Gewurz & Gewurz, P.C., New York City (Martin S. Rothman and Paul Gewurz, of counsel), for respondent.
Before THOMPSON, J.P., and WEINSTEIN, KUNZEMAN and HARWOOD, JJ.
MEMORANDUM BY THE COURT.
In an action to recover damages for personal injuries, the defendants appeal from a judgment of the Supreme Court, Queens County (Hentel, J.), entered June 25, 1985, which, upon a jury verdict, is in favor of the plaintiff and against them in the principal sum of $1,426,431.
ORDERED that the judgment is reversed, on the facts and as an exercise of discretion, without costs or disbursements, and a new trial is granted on the issue of damages only, unless within 20 days after the service upon the plaintiff of a copy of this decision and order, together with notice of entry, the plaintiff shall serve and file in the office of the Clerk of the Supreme Court, Queens County, a written stipulation consenting to reduce the verdict as to damages to the principal sum of $700,000 and the entry of an amended judgment accordingly. In the event that the plaintiff so stipulates, then the judgment, as so reduced and amended, is affirmed, without costs or disbursements.

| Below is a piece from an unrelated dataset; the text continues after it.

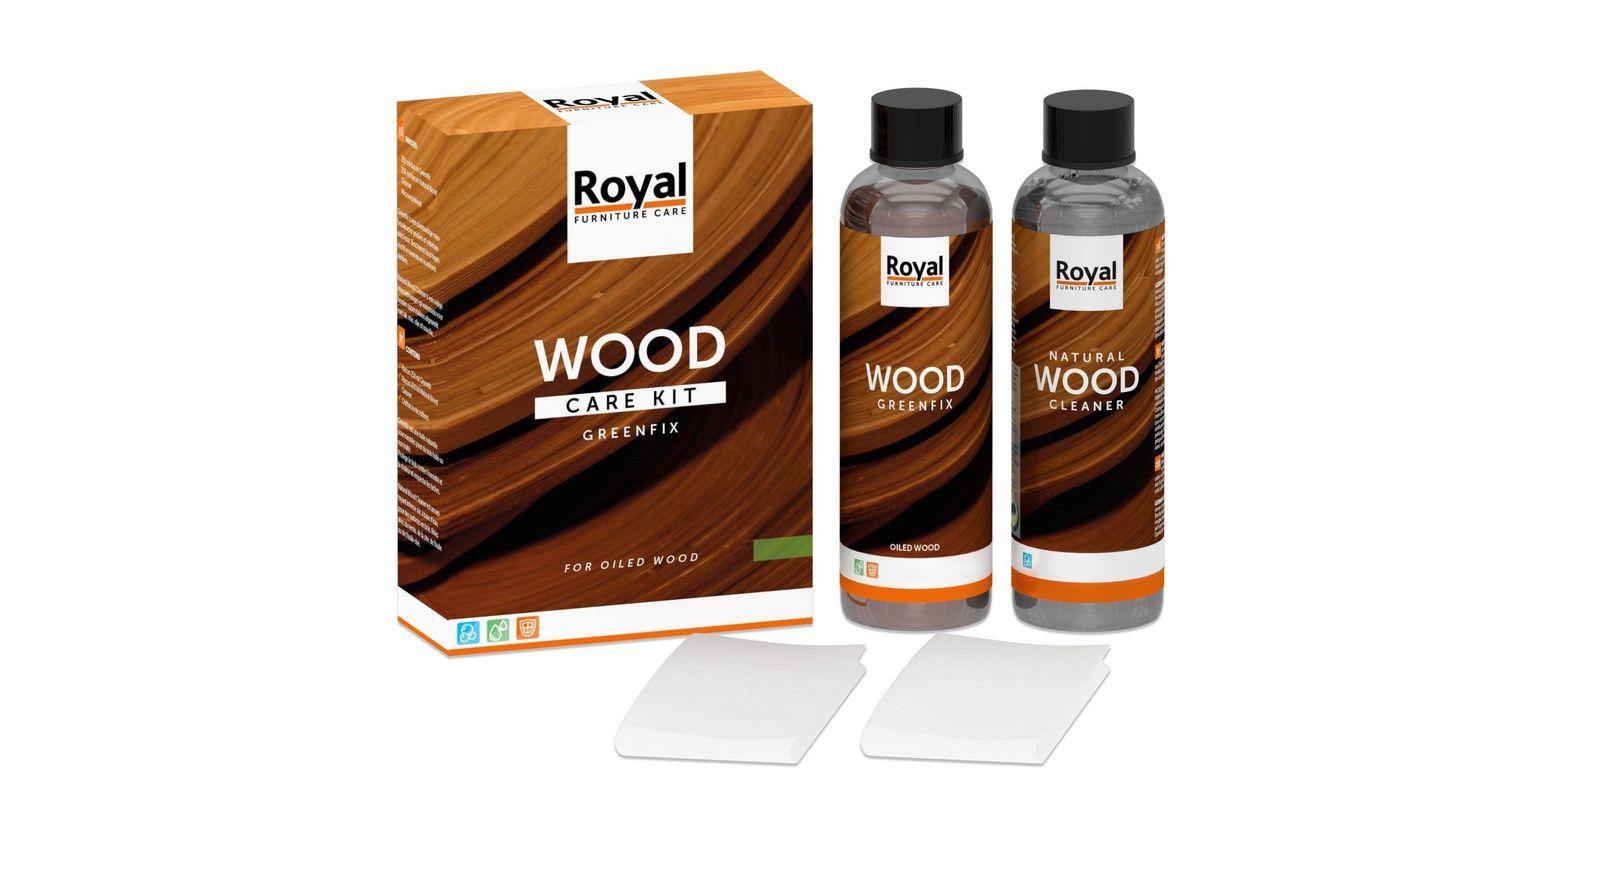 Preiswertes Holzpflegeset für geölte Oberflächen inklusive Reinigungstuch

The plaintiff, a young mother of two children, suffered an injury to her right knee when the New York City Department of Corrections van that was returning her from a visit to Rikers Island hit a sharp dip in the road, causing her to fall from her seat. The deterioration of her injured knee has led to several surgical procedures, severely restricting her mobility, and to the development of chronic conditions involving her back and other knee. Nonetheless, while we recognize the severe and lasting effects of the plaintiff's injuries, as well as the economic loss she will likely incur, we find the verdict clearly excessive to the extent indicated.